We introduce Meltemi, the first Greek Large Language Model (LLM) trained by the [Institute for Language and Speech Processing](https://www.athenarc.gr/en/ilsp) at [Athena Research & Innovation Center](https://www.athenarc.gr/).
Meltemi is built on top of [Mistral-7B](https://huggingface.co/mistralai/Mistral-7B-v0.1), extending its capabilities for Greek through continual pretraining on a large corpus of high-quality and locally relevant Greek texts.
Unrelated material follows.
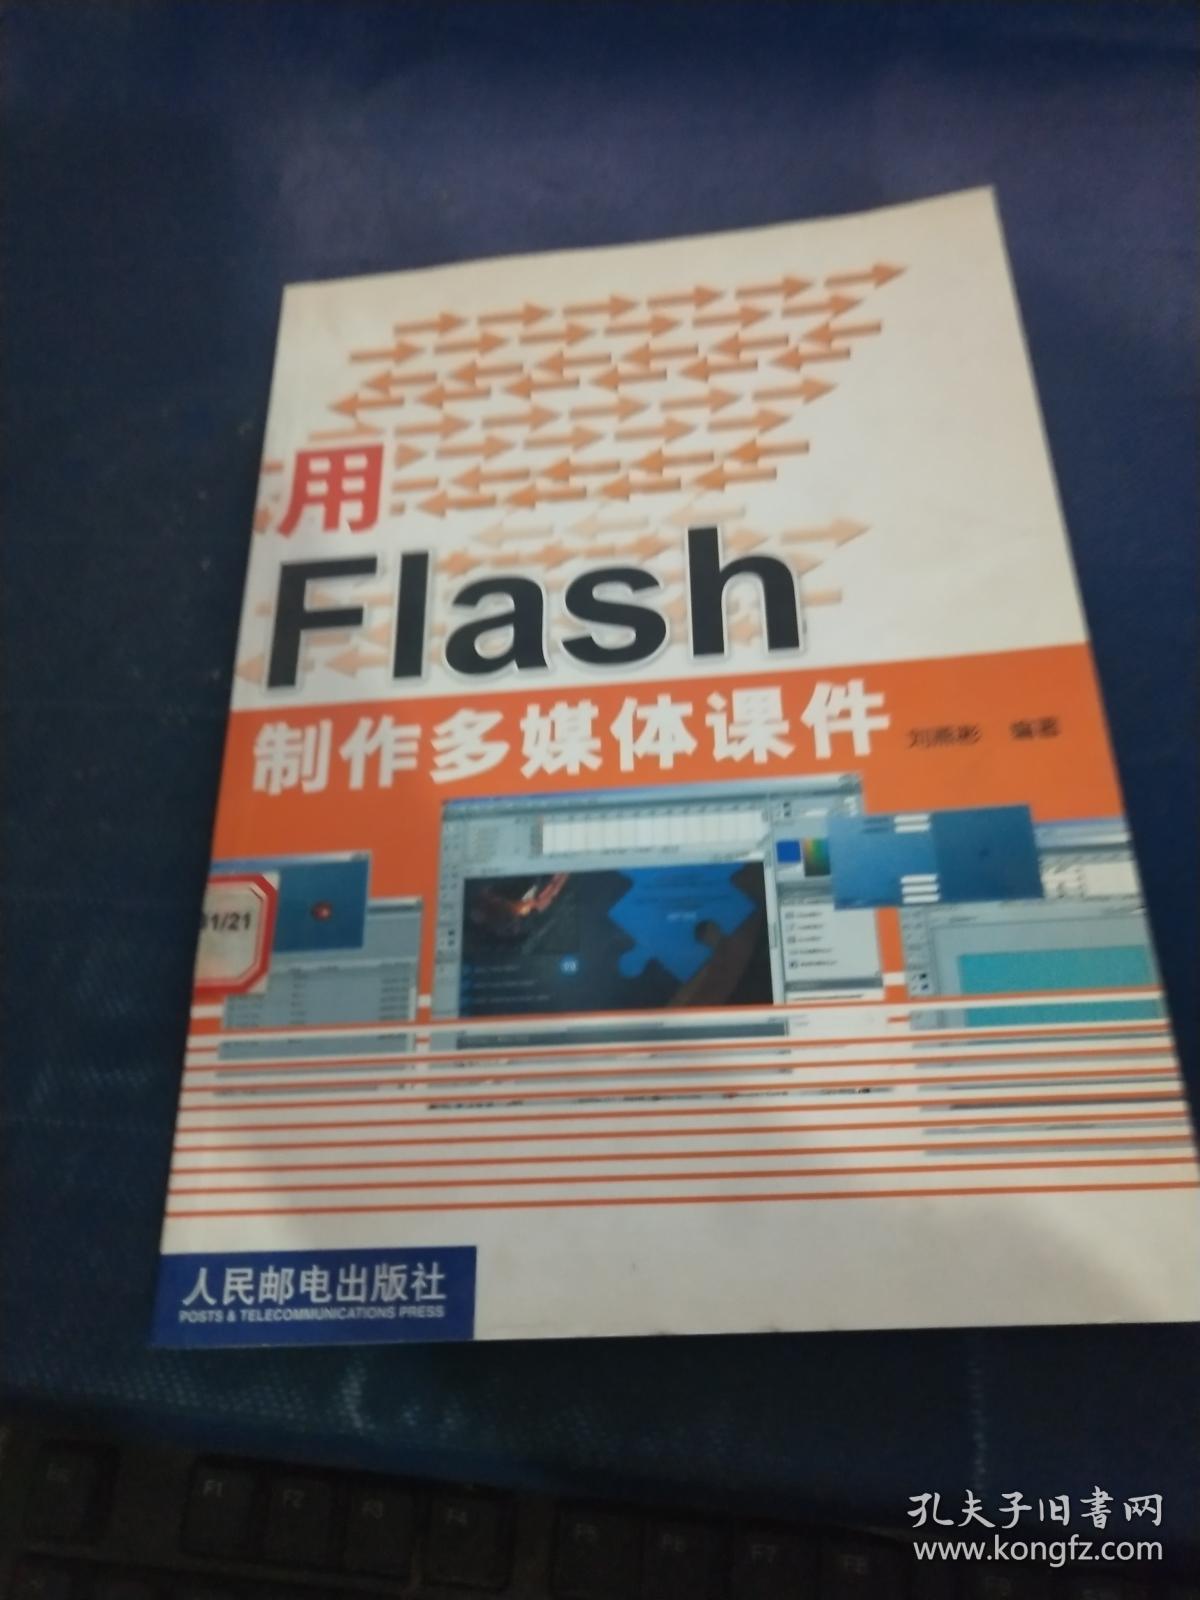 用Flashv课件多媒体课件悯农备课及过程图片

We present Meltemi-7B-Instruct-v1, an instruct fine-tuned version of [Meltemi-7B-v1](https://huggingface.co/ilsp/Meltemi-7B-v1).


# Model Information

- Vocabulary extension of the Mistral-7b tokenizer with Greek tokens
- Trained with 8k context length
- Fine-tuned with 100k Greek machine translated instructions extracted from:
  * [Open-Platypus](https://huggingface.co/datasets/garage-bAInd/Open-Platypus) (only subsets with permissive licenses)
  * [Evol-Instruct](https://huggingface.co/datasets/WizardLM/WizardLM_evol_instruct_V2_196k)
  * [Capybara](https://huggingface.co/datasets/LDJnr/Capybara)
  * A hand-crafted Greek dataset with multi-turn examples steering the instruction-tuned model towards safe and harmless responses
- Our SFT procedure is based on the [Hugging Face finetuning recipes](https://github.com/huggingface/alignment-handbook)


# Instruction format
The prompt should be surrounded by [INST] and [/INST] tokens:

```
text = "[INST] Πες μου αν έχεις συνείδηση. [/INST]"
"Ως μοντέλο γλώσσας AI, δεν έχω τη δυνατότητα να αντιληφθώ ή να βιώσω συναισθήματα όπως η συνείδηση ή η επίγνωση. Ωστόσο, μπορώ να σας βοηθήσω με οποιεσδήποτε ερωτήσεις μπορεί να έχετε σχετικά με την τεχνητή νοημοσύνη και τις εφαρμογές της."
"[INST] Πιστεύεις πως οι άνθρωποι πρέπει να φοβούνται την τεχνητή νοημοσύνη; [/INST]"
```

# Evaluation

The evaluation suite we created includes 6 test sets. The suite is integrated with [lm-eval-harness](https://github.com/EleutherAI/lm-evaluation-harness).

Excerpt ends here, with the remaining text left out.